When a soft knock came at the door, it took every bit of her energy to sit back up. Dr Hanny stepped in, holding the bundled infant.
“I’m bringing your son to you.”
She saw Annamarie peek around from behind Hannelore’s legs, caught sight of Florian’s concerned face, and was relieved when Dr Hanny gently closed the door on them.

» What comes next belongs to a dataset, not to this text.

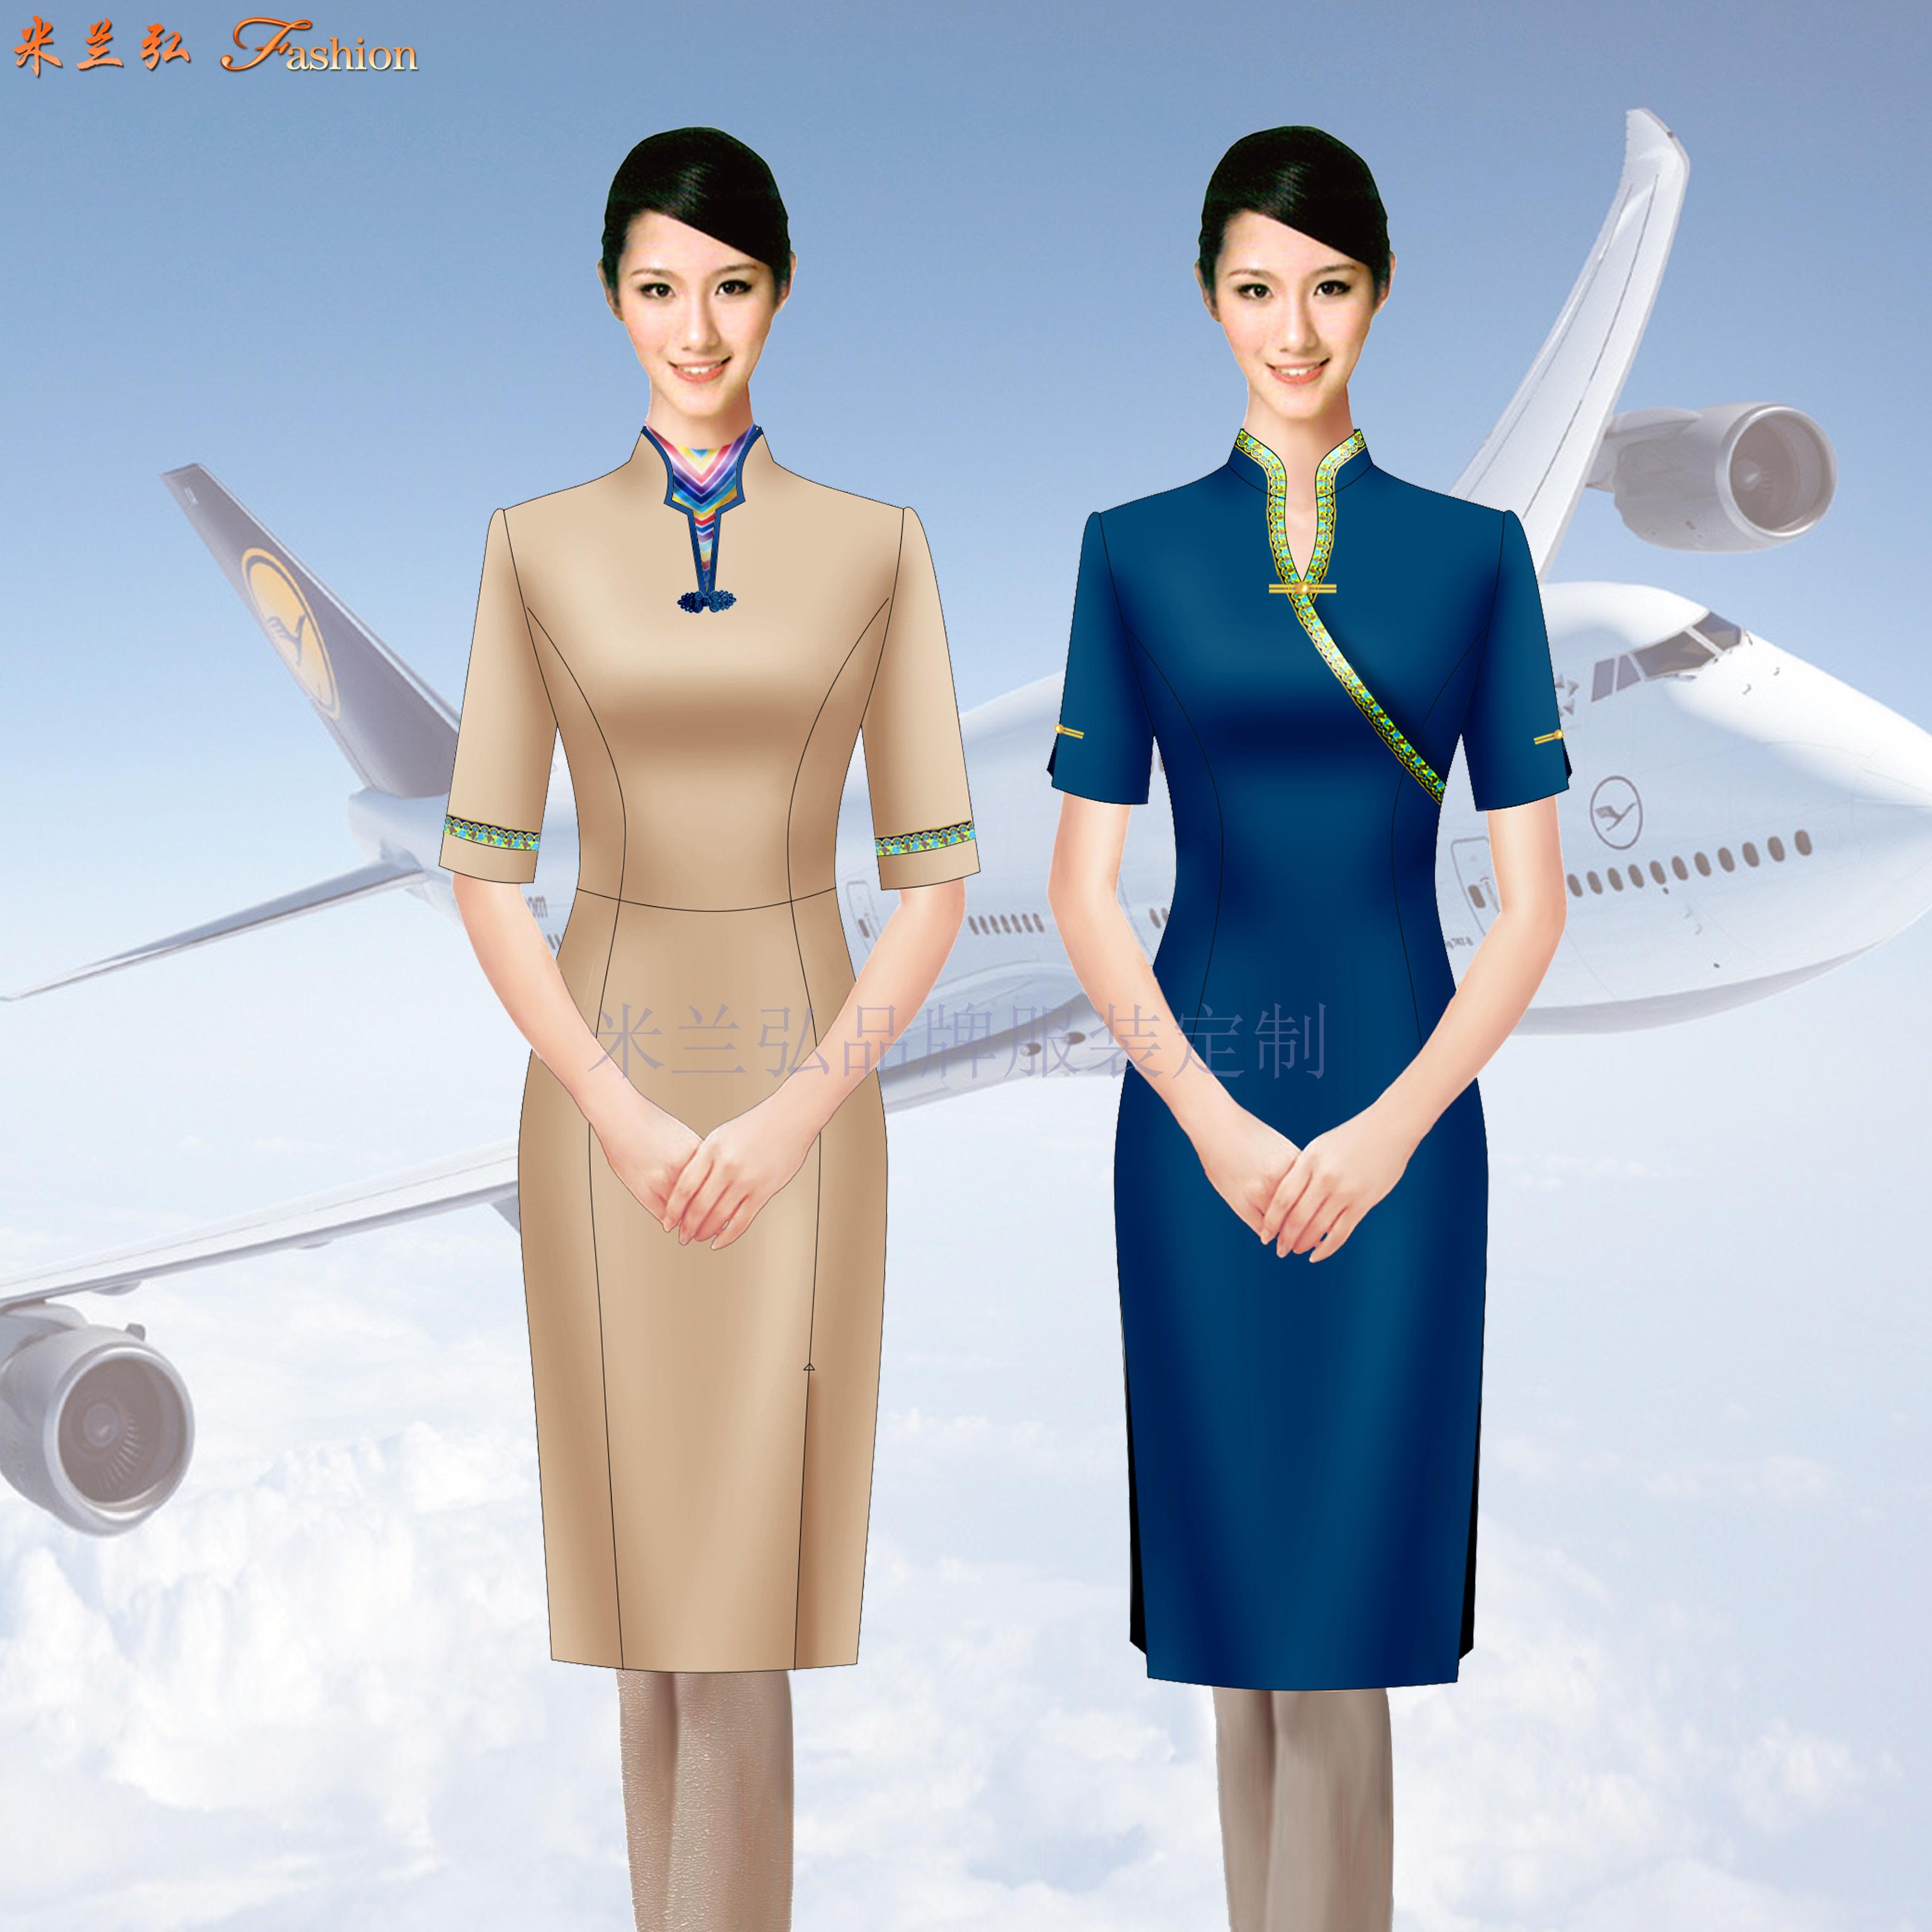 空姐連衣裙制服圖片|高鐵乘務員中式立領連衣裙定做-米蘭弘服裝-3

“Hannelore will come in just a moment. I thought you should have the baby. And we could talk about your grandfather, the avalanche.”
He handed her son to her, and Katharina pulled away the edges of the blanket to look at the baby’s face. His eyes were swollen, like Annamarie’s had been when she was born, and his skull a little cone shaped. As Dr Hanny took a chair from the corner of the room, Katharina put the baby under the bedcovers and helped him to take her breast.
She looked at Dr Hanny. “And how long until I feel something for this one?”
“You love both of your children. You are in a state of shock. Your grandfather—”
“At the same time as he”—she lifted her arm where her son lay—“decided to come into the world.” She felt his tiny hand against her breast. “Do you think my grandfather’s spirit entered him?”